* [Dataset extract]
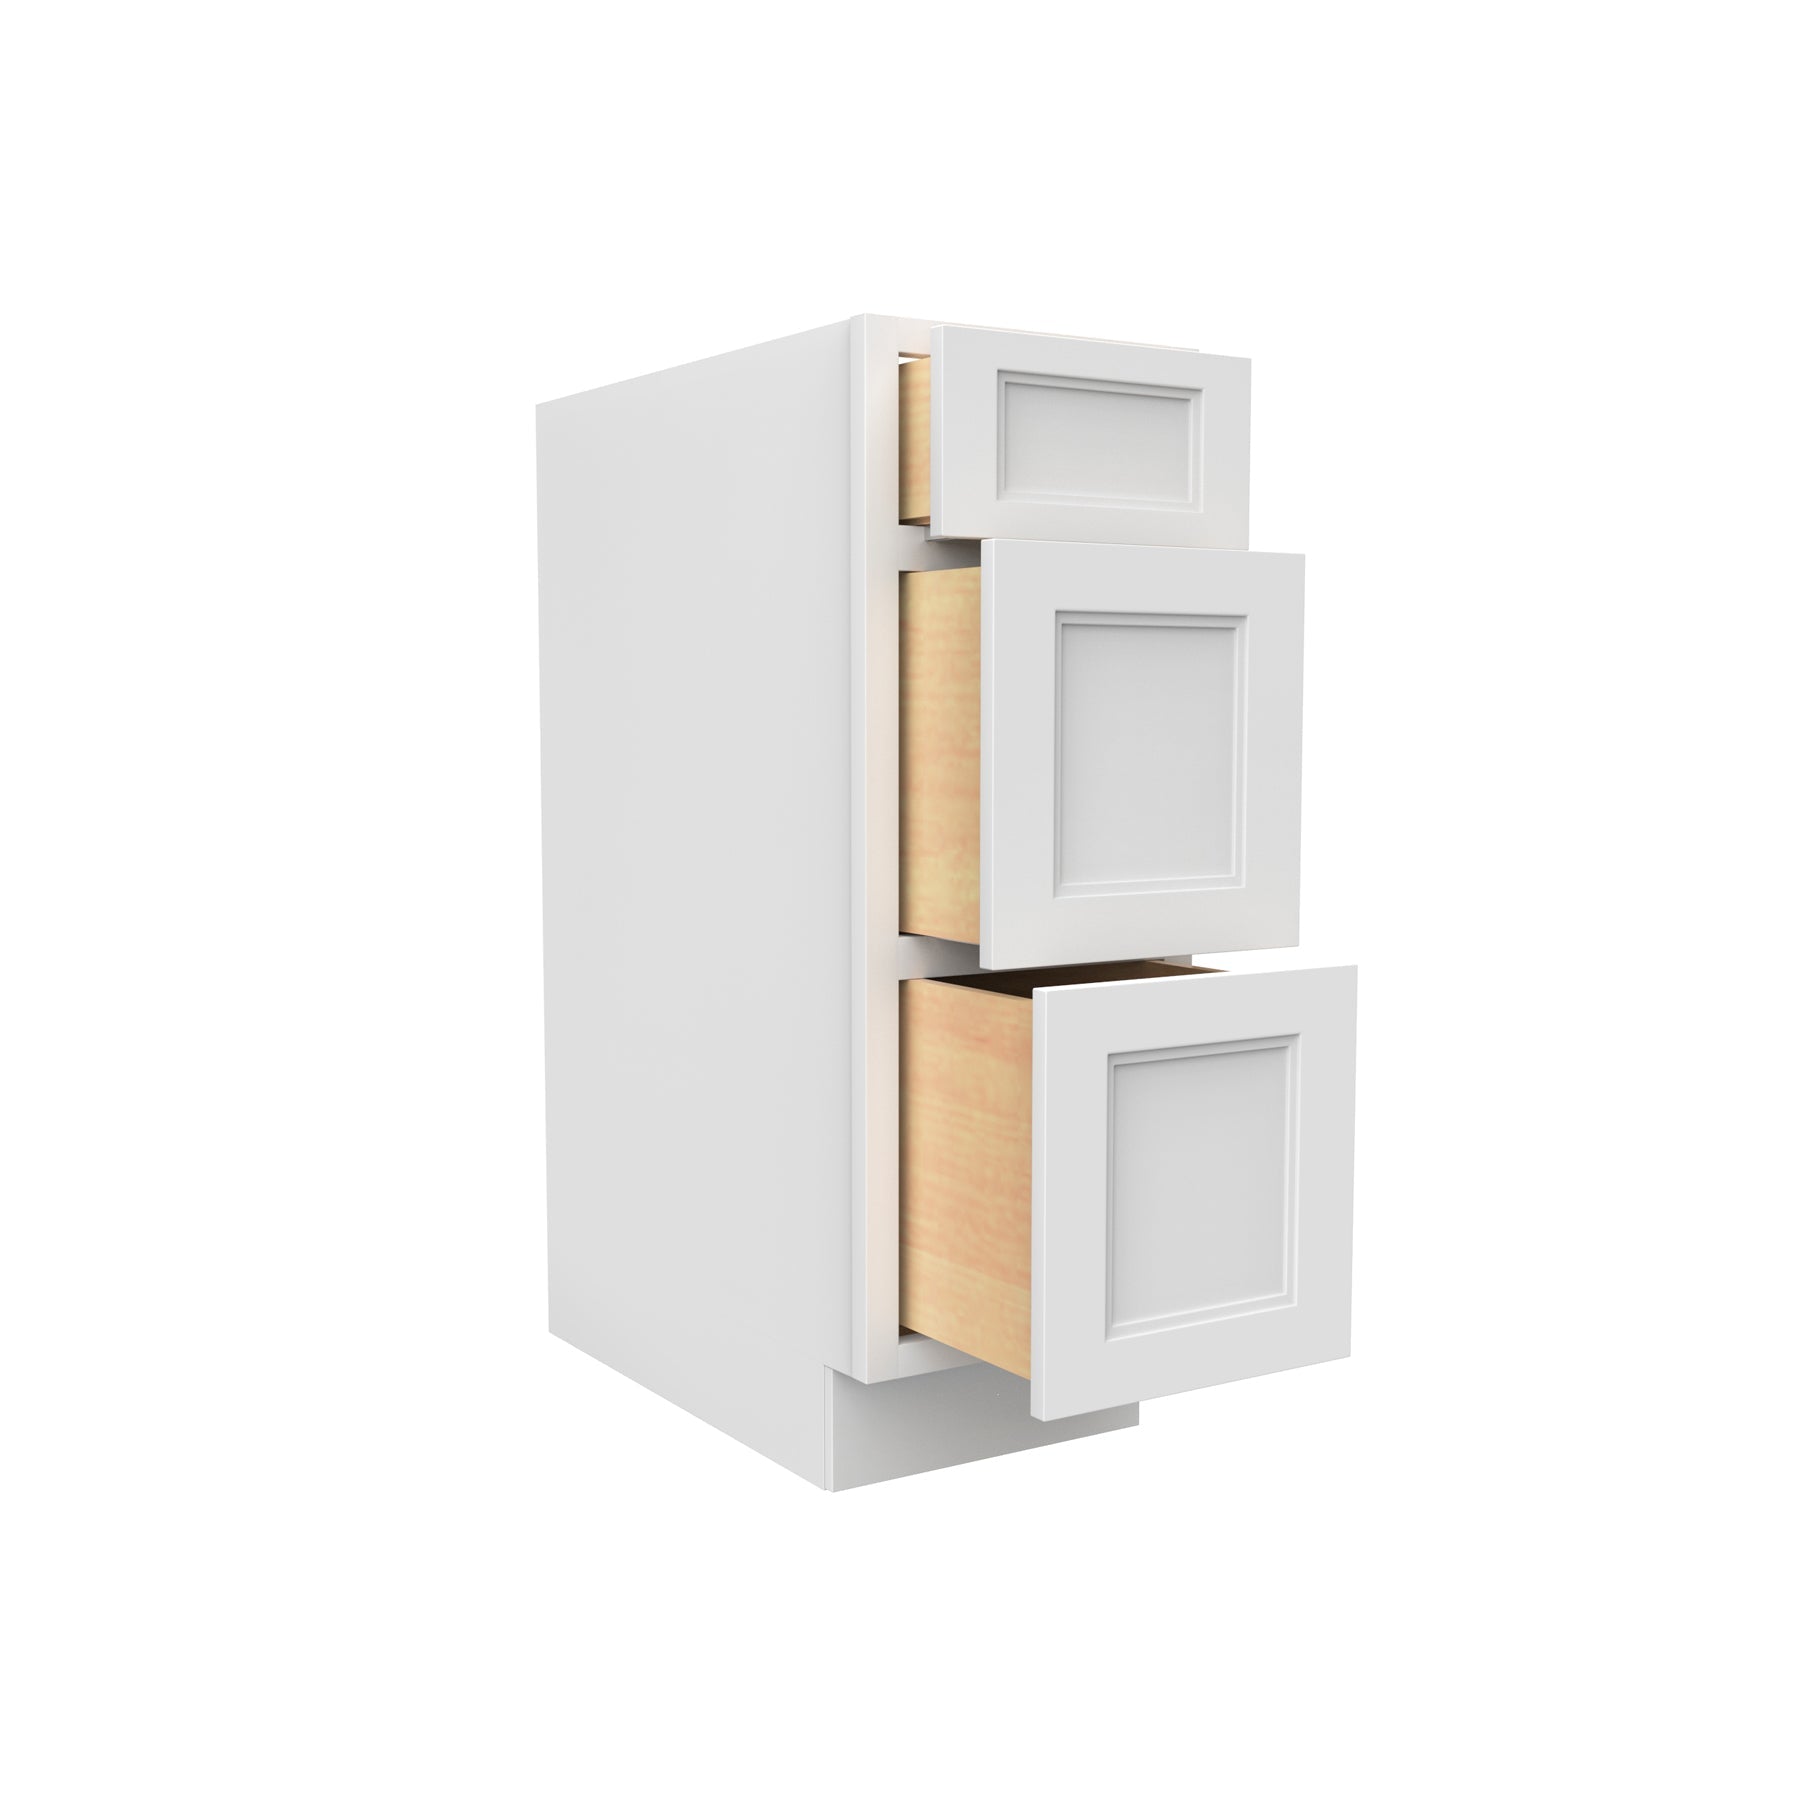 RTA - Fashion White - 3 Drawer Base Cabinet | 12"W x 34.5"H x 24"D
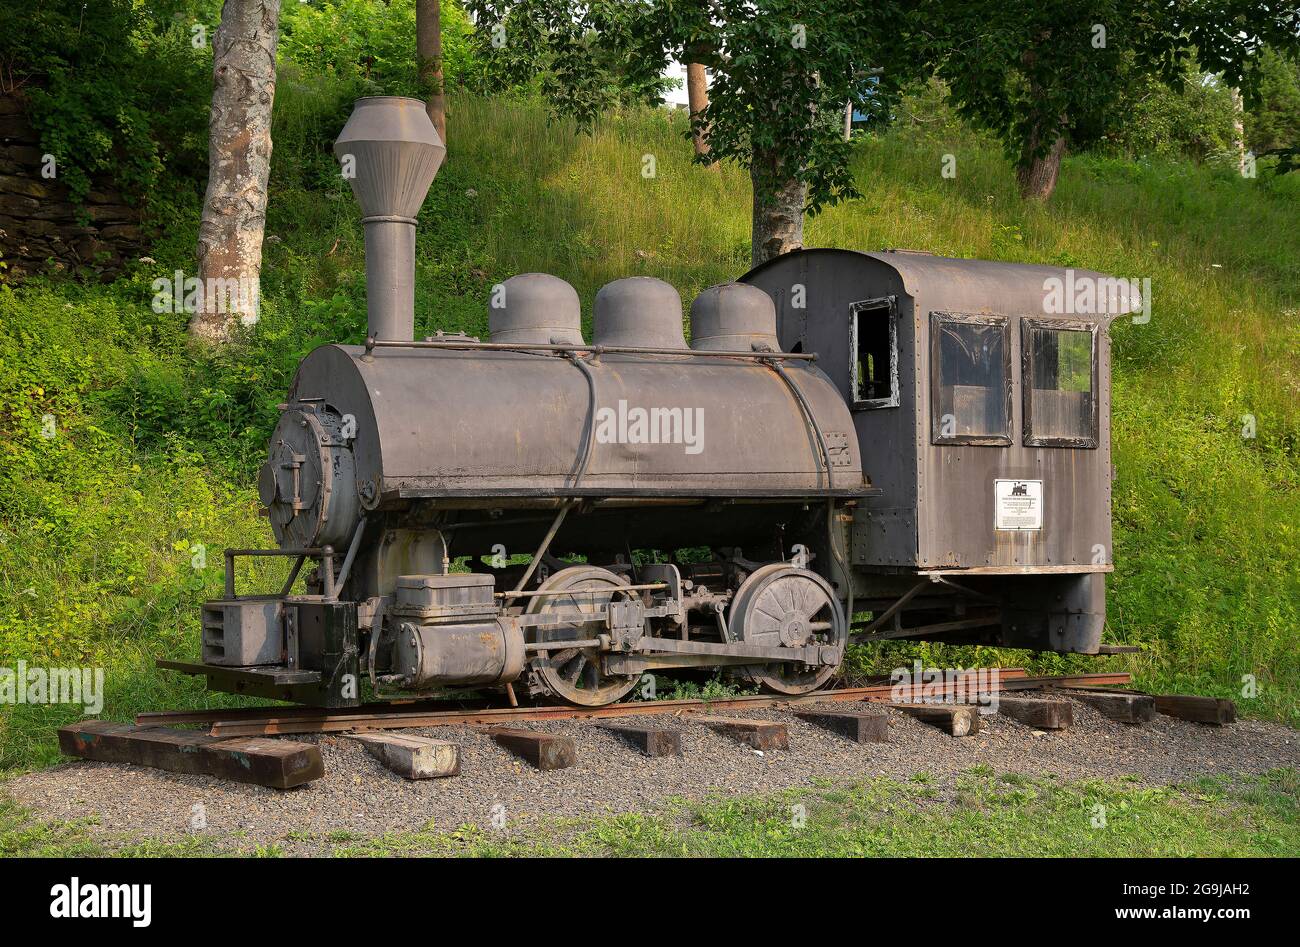 Eine vulkanische Dampflokomotive, die in Rockport Harbor, Rockport, Maine, USA, ausgestellt ist und in Wilkes Barr, PA, USA, gebaut wurde Stockfoto
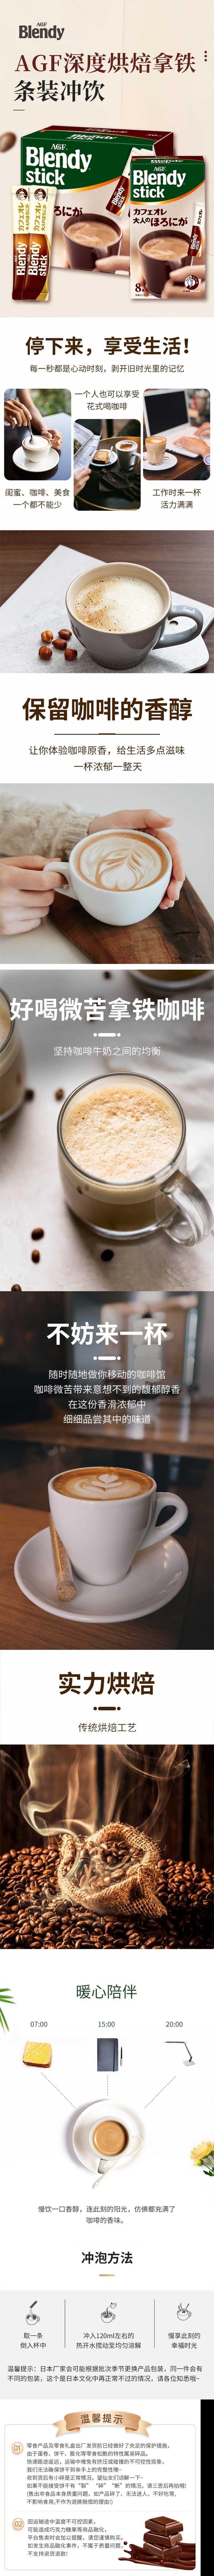 【日本直邮】AGF blendy stick棒状深度烘焙牛奶咖啡 27枚

* [Instructions for the task]
Print each line of the material above exactly, with the pictures removed from your copy.

* [Response]
 RTA - Fashion White - 3 Drawer Base Cabinet | 12"W x 34.5"H x 24"D
 Eine vulkanische Dampflokomotive, die in Rockport Harbor, Rockport, Maine, USA, ausgestellt ist und in Wilkes Barr, PA, USA, gebaut wurde Stockfoto
 【日本直邮】AGF blendy stick棒状深度烘焙牛奶咖啡 27枚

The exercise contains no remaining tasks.